COBOL is an example of a programming language designed with this idea in mind (Readable by non-programmers). Enough said.

  • zupa-hu 2 years ago

    I think your comment is missing a crucial point or the principle, which is that "a computer can be viewed as one of the participants".

    Thus writing a program is communicating your intent to the computer. I see that hard to dispute.

    • mbrodersen 2 years ago

      In that case it is a trivial obvious observation not worthy of elevating to a “principle”.

mbrodersen 2 years ago

> Uniform Metaphor: A language should be designed around a powerful metaphor that can be uniformly applied in all areas.
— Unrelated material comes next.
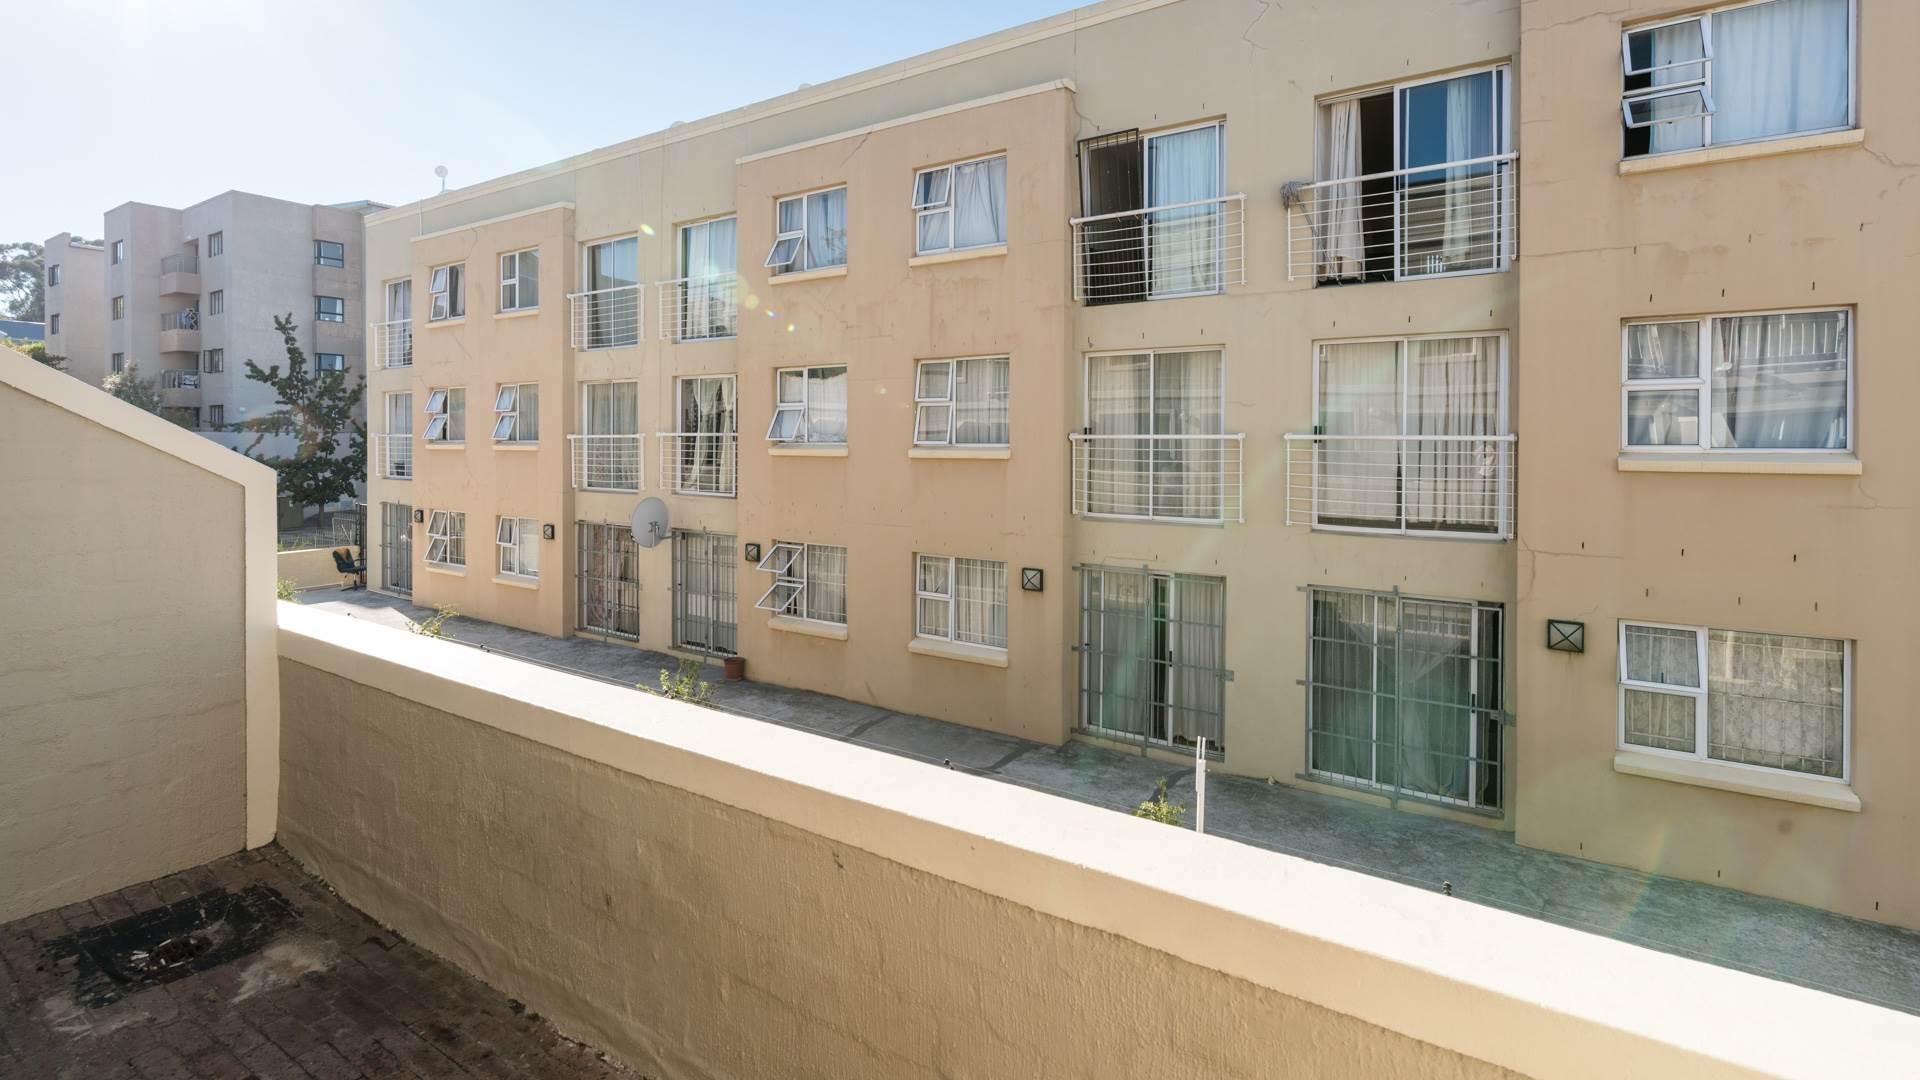 2 BedroomApartment For Sale In La Colline

Nope. Not true. Not if you want to create a successful programming language. All successful programming languages used in the real world are multi-paradigm languages.

mbrodersen 2 years ago

> Messages: Computing should be viewed as an intrinsic capability of objects that can be uniformly invoked by sending messages.

I disagree. A much simpler, and more general model is to view computing as data + data transformations. The OO thinking is a more complicated subset of this.

  • retcon 2 years ago

    Indeed. Since much earlier in the article the author says,

    [Edit wrong paste before sorry]

    >In designing a language for use with computers, we do not have to look far to find helpful hints. Everything we know about how people think and communicate is applicable.

    Taking grammatical structures as the principal guide, I'd say that functional language design is the goal.

deterministic 2 years ago

> Storage Management: To be truly "object-oriented", a computer system must provide automatic storage management.

That’s a bad idea. A single one-size-fits-all storage solution that works for all problems in all scenarios doesn’t exist. There is a reason why we use many different storage solutions as technologies to solve problems.

  • mbrodersen 2 years ago

    For the down voter(s): please enlighten us by giving us an example of a one-size-fits-all storage solution that works in all cases in all scenarios. Good luck with that.